In addition to lowering the thermal barrier to isomerization, modifications to azobenzene designed
to enable long wavelength switching can alter the relative stabilities of the ground state cis and
trans isomers. An extreme case would be if cis and trans isomers became isoenergetic and were
separated by a small thermal energy barrier. Such a photoswitch would be unable to drive
conformational switching of a target biomolecule. Instead, conformational preferences of the target
molecule would drive thermal equilibration of the switch. Thus, in designing red/near-IR
photoswitches, it is important to consider the effect of modifications on the relative energies of the
cis and trans isomers as well as the barrier between them.
1.7 Push-pull azo systems
Many thousands of azo dyes have been synthesized since the discovery of azobenzene in 1834. A
number of dyes have been found that absorb in the red region and even the near-IR.54-56 A few of
these are shown in Figure 1-2. Although the structures of these dyes vary considerably, long
wavelength absorption has typically been achieved by creating a push-pull system with electron
donating groups on one side of the azo unit and electron withdrawing groups on the other. Because
of their polarized structure, the absorption properties of these dyes are highly solvent dependent.

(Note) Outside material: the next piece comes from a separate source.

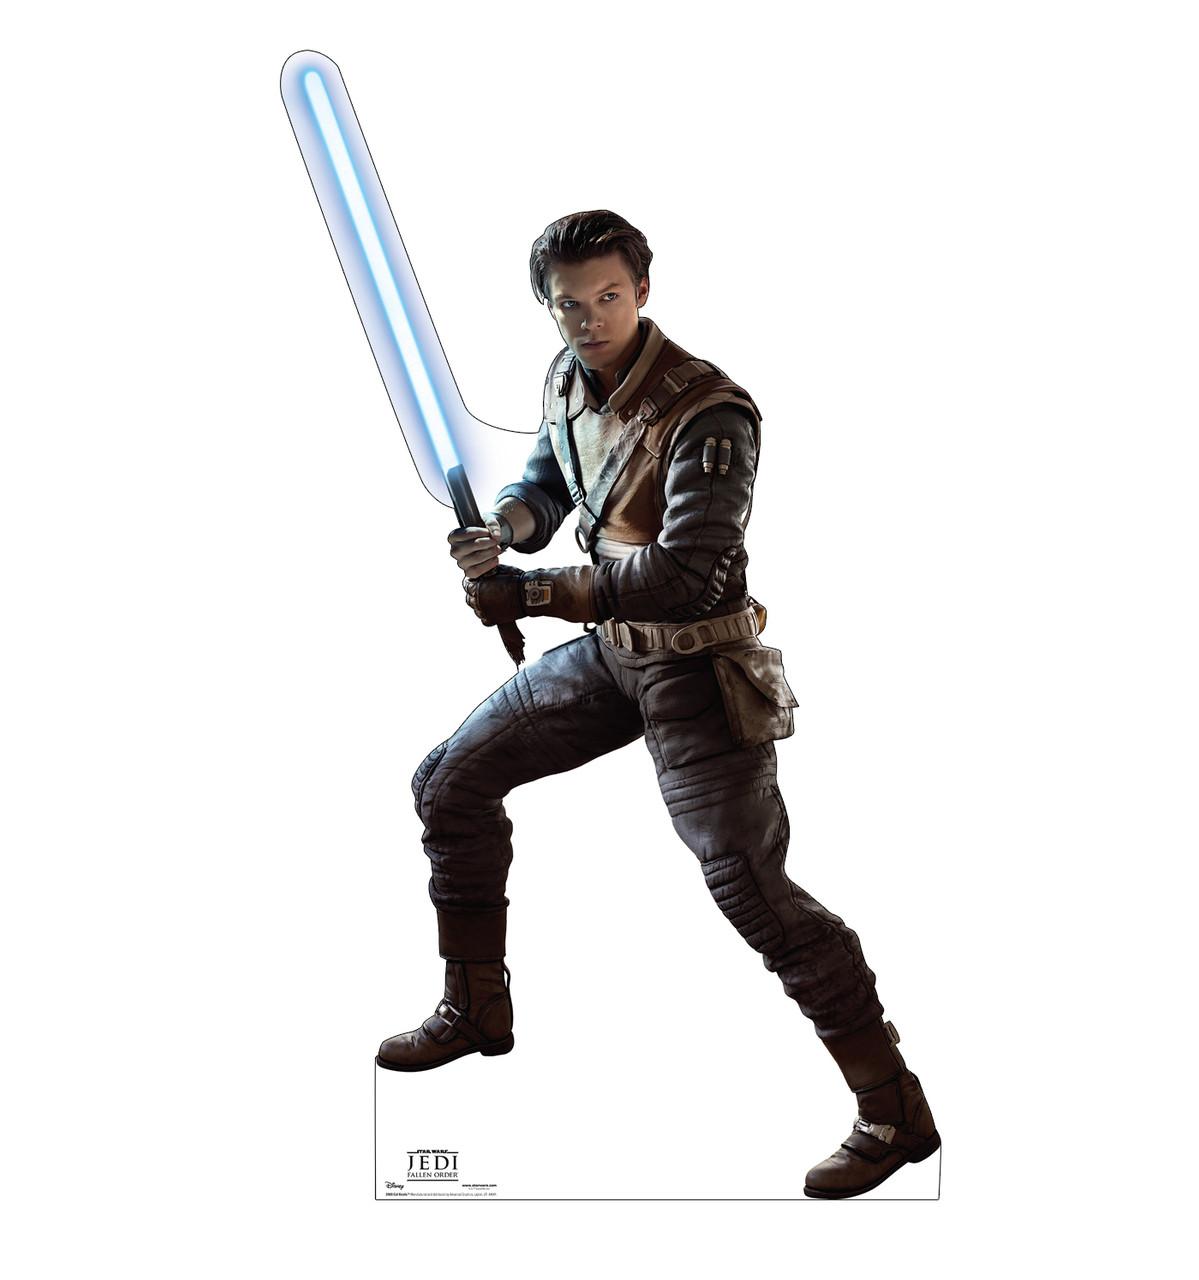 Life-size cardboard standee of Cal Kestis from Jedi Fallen Order.

Historically, most scientists interested in azo dyes did not study possible isomerization events.
Photochromism would be an unwanted feature in a dye where colour fastness is usually prized. It
is likely that these long wavelength dyes have very short lived cis isomeric forms. As a result,
photoisomerization would not be observable without a specialized laser flash photolysis apparatus.
8
The Velasco group has studied the thermal relaxation behaviour of push-pull azobenzene systems
in detail53 and has reported dyes that show thermal relaxation times as fast as 40 ns.57
Figure 1-2. Some long wavelength azo dyes. For references see 6,54 7,55 and 8.56
The structures shown in Figure 1-2 are not easily adapted as components of photoswitches such as
MAG (compound 1, Figure 1-1) or as components of intramolecular cross-linkers (e.g. compound
3, Figure 1-1) where the simple bis-p-amido azobenzene core has been used. Photoswitches usually
require few rotatable bonds in order to preserve the end-to-end distance change that occurs upon
isomerization.58-59 In addition, the large size of these dyes may be a liability in pharmacological
applications where the overall size of a drug is an important feature. Finally, the push-pull design
of these long wavelength azobenzenes gives the molecule an inherent asymmetry. For
photopharmacology, asymmetry is not a concern, but for an intramolecular cross-linker
(compound 3, Figure 1-1) having an asymmetric structure would also require two distinct bio-
orthogonal means of attachment to a target protein to avoid the formation of distinct regioisomers.
9
1.8 Azo dyes that absorb at long wavelengths: C2 bridged
azobenzenes (diazocines)
In 2009 Siewersten et al60 reported the remarkable photochemical properties of a C2 bridged
azobenzene (9). The cis and trans n-π* transitions of this compound are separated by some ~100
nm making photochemical switching unusually complete in either direction. Samanta and
colleagues made a bis-p-amido substituted derivative (10) to allow conjugation to biomolecules61
and in doing this they also made the bis-p-amino substituted version (11). Herges group has
reported similar molecules with amino groups in the 3,3’ positions.62 This molecule (11) showed
significant absorbance in the red region of the spectrum (Figure 1-3) in its trans isomeric form.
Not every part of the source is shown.